Part of the Transcript, John Carr, founder of the Initiative on Catholic Social Thought and Public Life speaking.:
Let me make a little confession here. I think Pope Leo with his focus on Catholic social teaching could help us get beyond some of the what I call the pick a pope ecclesiology that haunts our church where folks say I'm part of the John Paul 2 generation. I'm a Benedict kind of Catholic. I'm part of team Francis. So now a lot of us are looking at what Leo wears or what language he speaks or uh uh his words and language to see if he's on our side. I think the question might be are we on his side.
In fact, by placing Catholic social teaching at the middle of his papacy, I would suggest that Pope Leo is lifting up one of the areas of greatest unity between himself uh John Paul 2, Benedict and Pope Francis. They in their own ways, their own words, different priorities, different emphases, they taught, affirmed, extended Catholic social teaching. Each of them insisted that Catholic social teaching was real doctrine, not marginal. It was integral, not optional. That it's at the heart of what it means to be a disciple of Jesus, not a matter of personal preference.
John Paul II was the apostle of solidarity. Benedict was a great teacher of social teaching and Francis exemplify then everything else. If we take this witness seriously, the common witness, we might have to change our behaviors, our attitudes. Some of us were tempted to apologize for all things Biden, including uh the opposition, any restrictions on the on abortion.

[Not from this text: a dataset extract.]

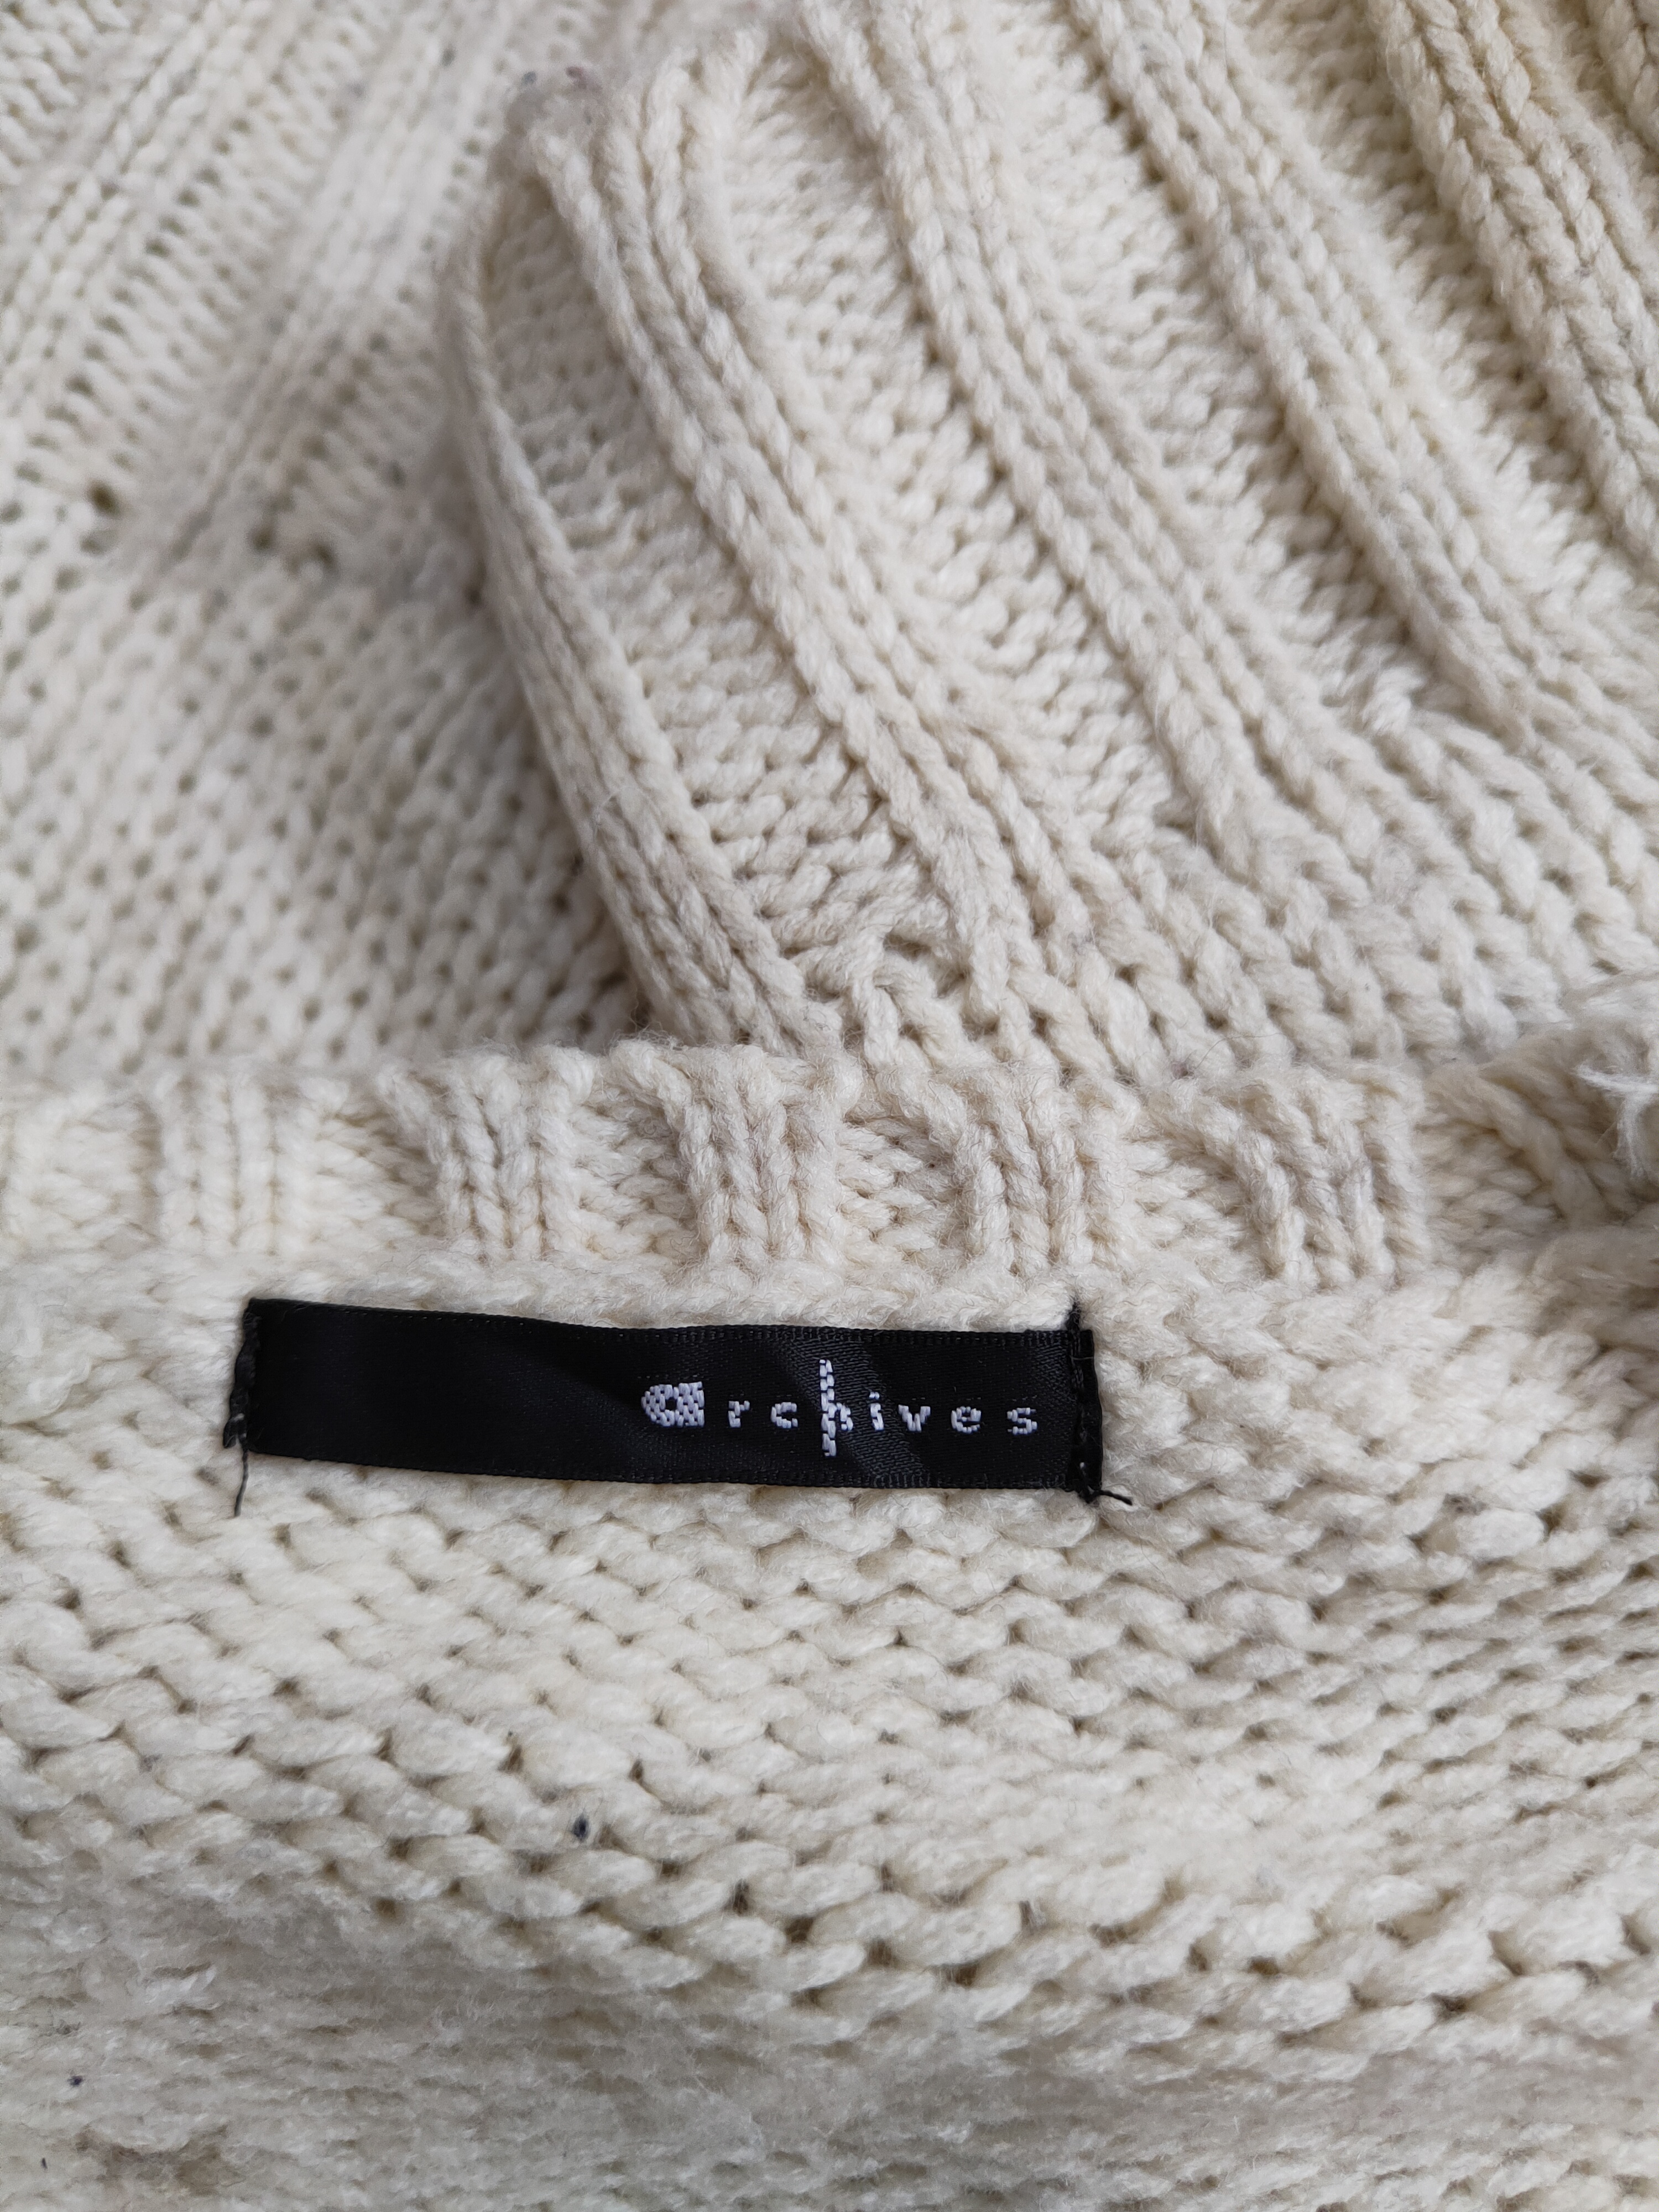 Japanese Brand - Archives White Knitwear Sweater Damage With Stain - 11
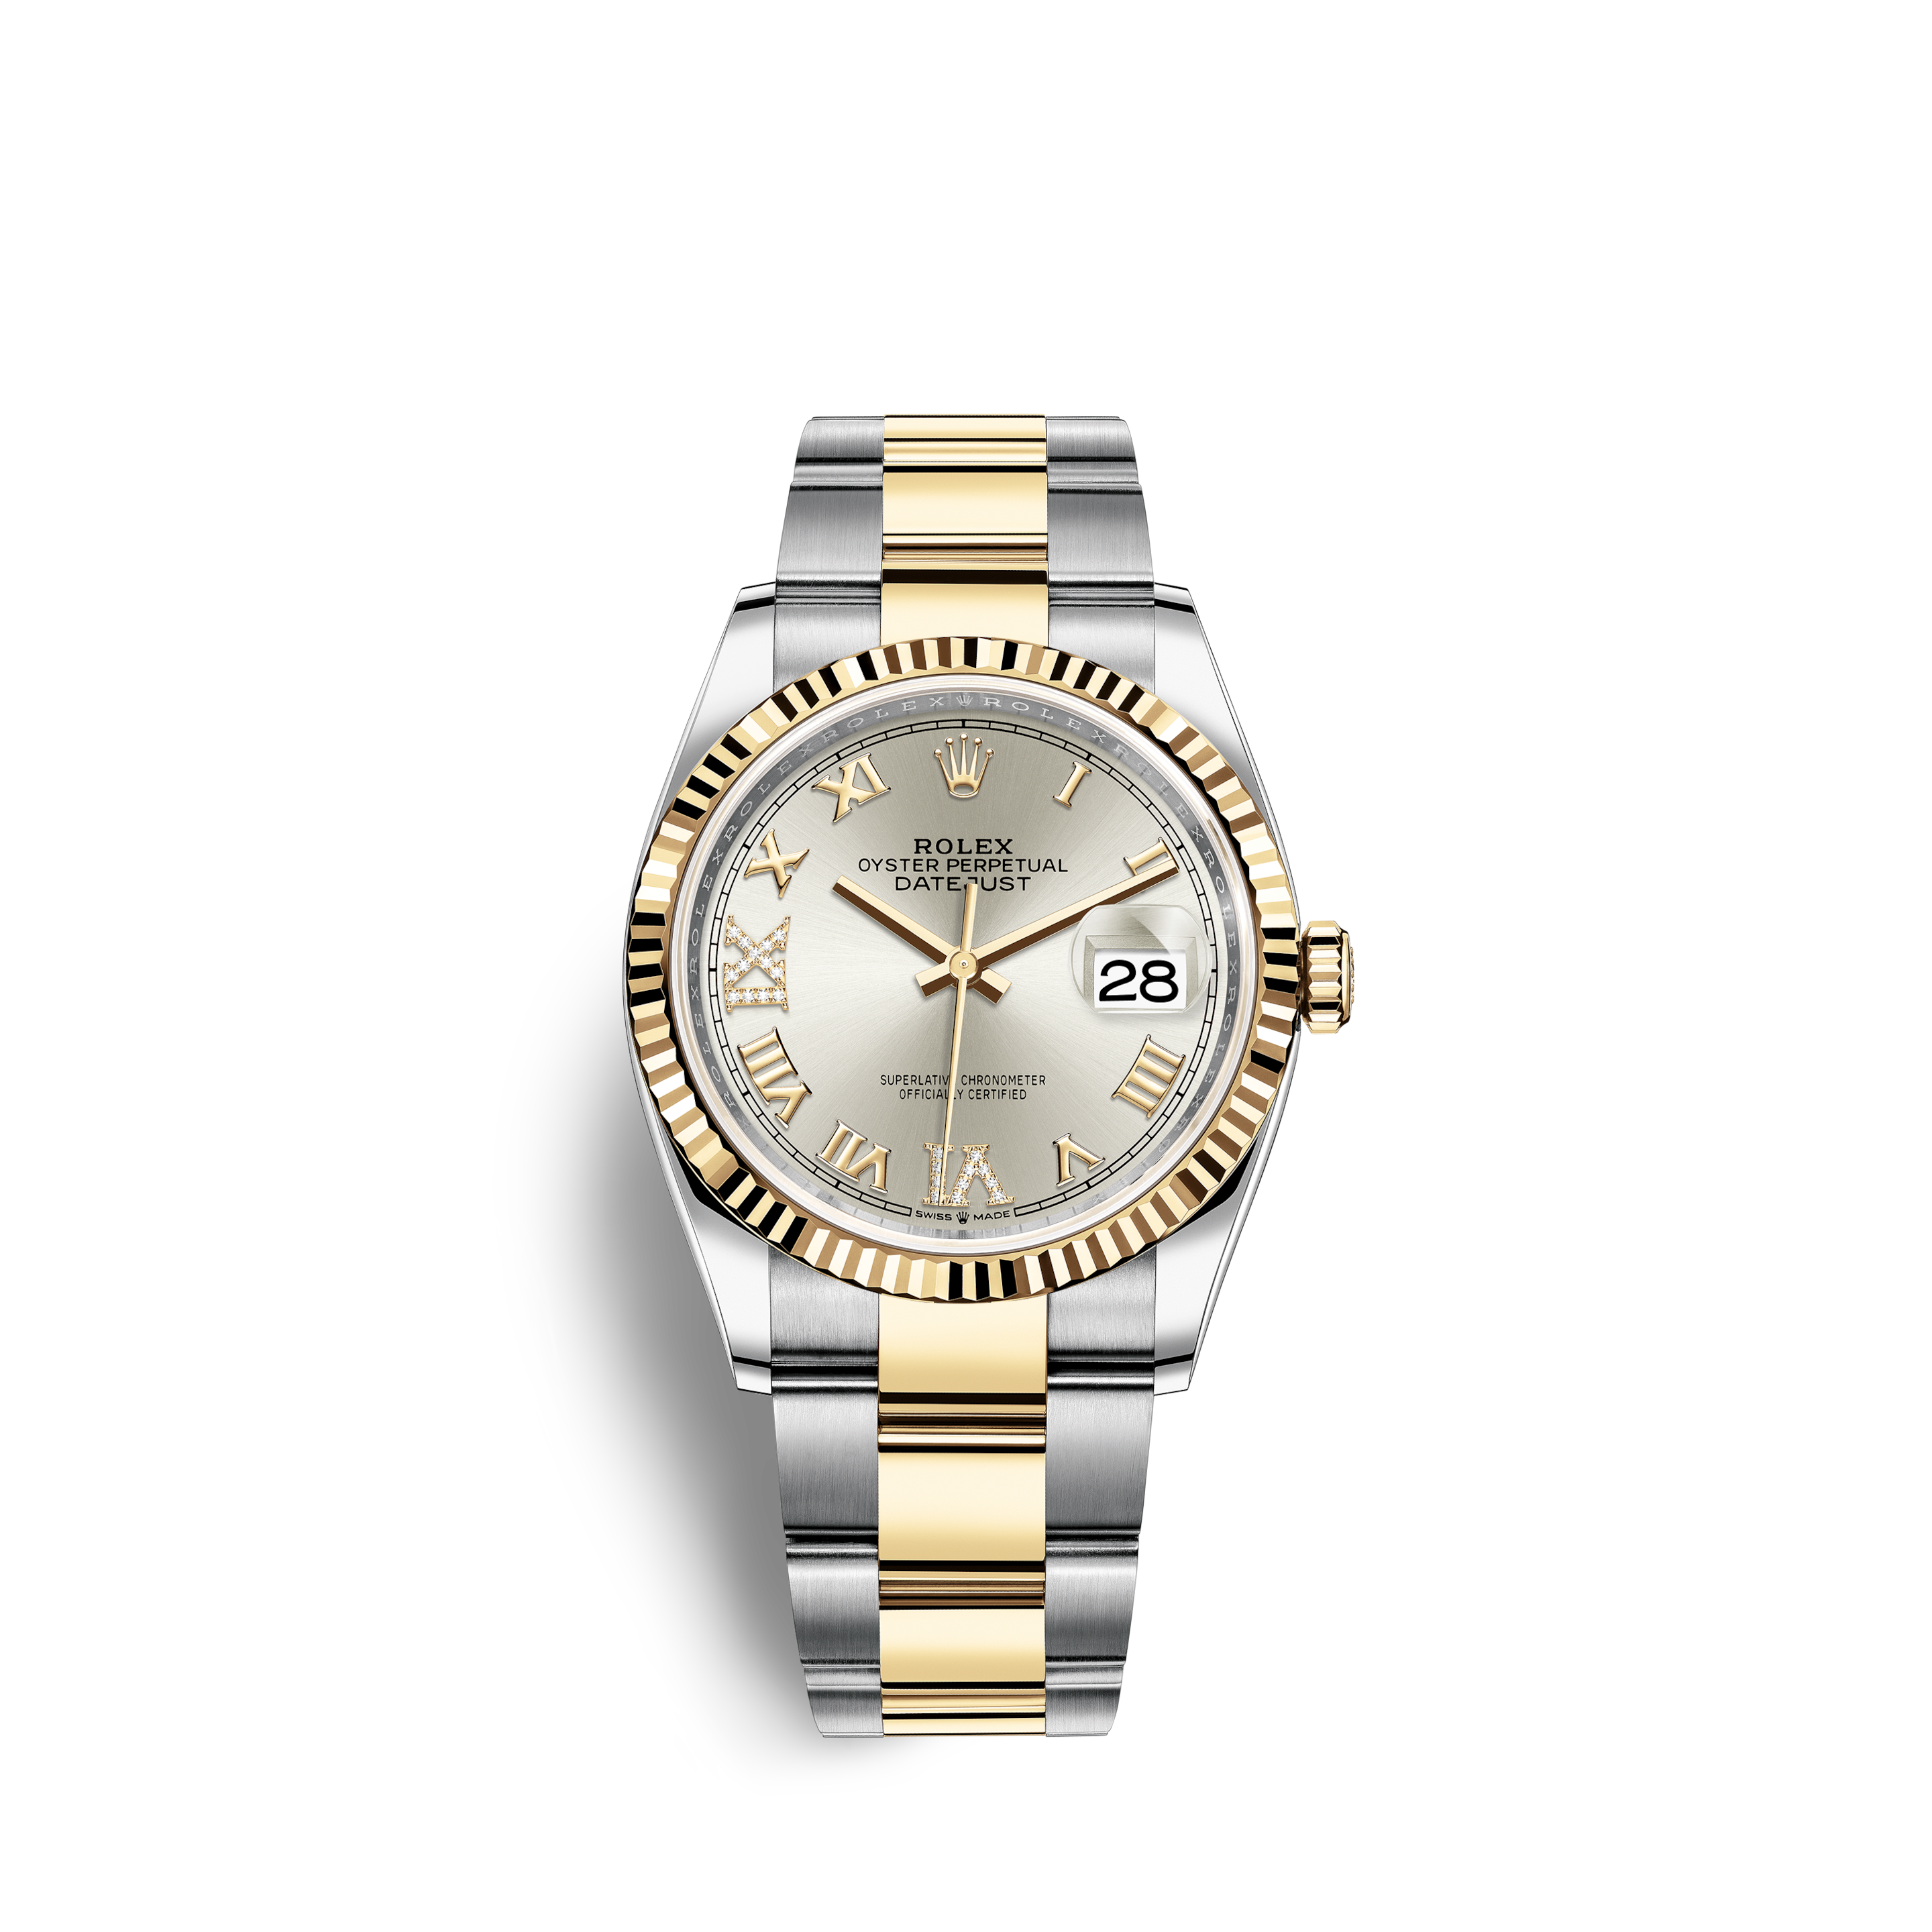 rolex ladies two tone oyster perpetual

I read in a Catholic publication someone said that President Trump is running the most Catholic, the most Christian administration either. We should not be cheerleaders for any politician. We should not be apologists for any administration. We should challenge all of them. And what it means is walking away from some of that partisanship that has meaning in this moment.
The lesson of Catholic social teaching means we can't support taking food from hungry families or healthcare from sick families or abandoning our commitment to help the poorest people on earth. We can't forget about unborn children who seem to be lost in the debate about abortion after dads. We can't sit by and watch immigrants who are part of our community be demonized and deported. They're not criminals. Uh and we can't abandon our traditions of providing some welcome for refugees as they're fleeting oppression.